Monday, September 27, 2010

A Closer Look at Wheat

Sometime over the last few years I read a series of market analysis books that dealt with inter-market analysis and cyclical analysis. These books look at markets from a relationship perspective. For example, because most commodities are priced in dollars, the dollar and commodities usually have an inverse relationship: when the dollar rises commodities priced in dollars fall. Another example is the recent inter-relationship between the stock and bond markets; as the bond market has rallied it has taken money from the stock market.

Inter-market analysis stresses the importance of four markets: equities, capital markets (the bond markets) futures (commodities) and currencies. This week, I'm going to take an in-depth look at some of the commodity markets, providing some basic information on the big commodities.

From the USDA:

The United States is a major wheat-producing country, with output typically exceeded only by China, the European Union, and India. During the 2000s, wheat ranked third among U.S. field crops in both planted acreage and gross farm receipts, behind corn and soybeans.


The five major classes of U.S. wheat are hard red winter, hard red spring, soft red winter, white, and durum. Each class has a somewhat different end use and production tends to be region-specific.

  • Hard red winter (HRW) wheat accounts for about 40 percent of total production and is grown primarily in the Great Plains (Texas north through Montana). HRW is principally used to make bread flour.
  • Hard red spring (HRS) wheat accounts for about 25 percent of production and is grown primarily in the Northern Plains (North Dakota, Montana, Minnesota, and South Dakota). HRS wheat is valued for high protein levels, which make it suitable for specialty breads and blending with lower protein wheat.
  • Soft red winter (SRW) wheat, accounting for 15-20 percent of total production, is grown primarily in States along the Mississippi River and in the Eastern States. Flour produced from milling SRW is used in the United States for cakes, cookies, and crackers.
  • White wheat, accounting for 10-15 percent of total production, is grown in Washington, Oregon, Idaho, Michigan, and New York, and its flour is used for noodle products, crackers, cereals, and white-crusted breads.
  • Durum wheat, accounting for 3-5 percent of total production, is grown primarily in North Dakota and Montana and is used in the production of pasta.

Wheat area has dropped from its early 1980s highs, due mostly to declining returns relative to other crops and alternative options under government programs. Authorization of the Conservation Reserve Program (CRP) in the 1985 Farm Act, followed by planting flexibility provisions in the 1990 Farm Act, provided wheat farmers with other options for use of their acreage. Under the 1990 Act, farmers participating in commodity programs could plant up to 25 percent of their base wheat acreage to crops other than wheat without losing base acreage. Farmers thus had an incentive to grow crops promising higher returns or to earn rental payments from idling land under the CRP.

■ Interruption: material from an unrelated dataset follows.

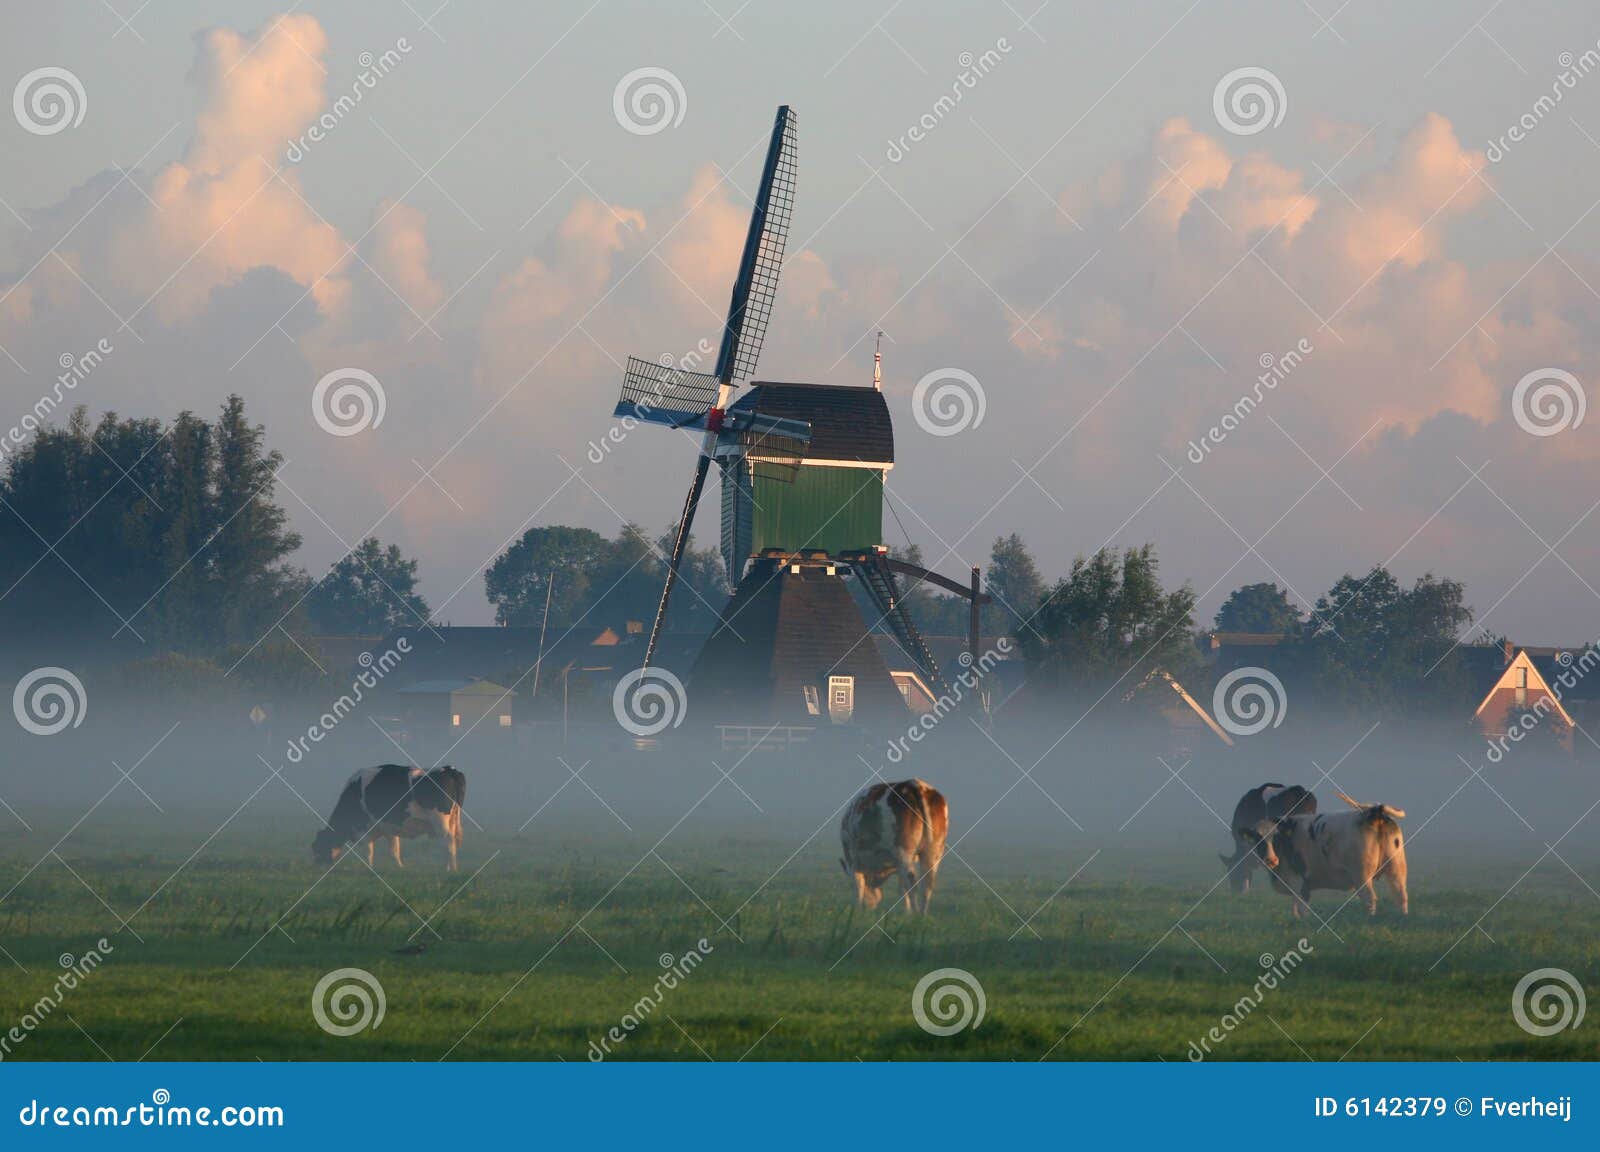 dutch cows in morning fog

Let's take a look at some charts regrading wheat exporters and importers:

The US' percentage of world exports has been pretty consistent over the last 20 years.

The US has consistently been one of the largest wheat exporters.

Total wheat imports have been increasing for the last 30 years, led by

Increased demand from North Africa and the Middle East

Let's take a look at wheat prices from several perspectives, starting with the long-term and moving to the short-term.

For the first part of the decade, wheat prices were confined to a fairly narrow trading range (A). However, prices spiked in a big way in 2008, but have fallen a bit from those levels (B). Currently, prices are rising again, largely on news from Russia.

Section (A) highlights the 2008 price spike clearly. Prices have consolidated by forming a strong basing pattern (B) for about a year and a half.

The daily chart shows the Russian price spike (A) and the recent consolidation from high levels (B). Notice that despite decreased momentum (C), prices are moving sideways and are above the 50 day EMA. This tells us that traders aren't selling their positions outright, but are taking some profits off the table and are waiting to see what happens.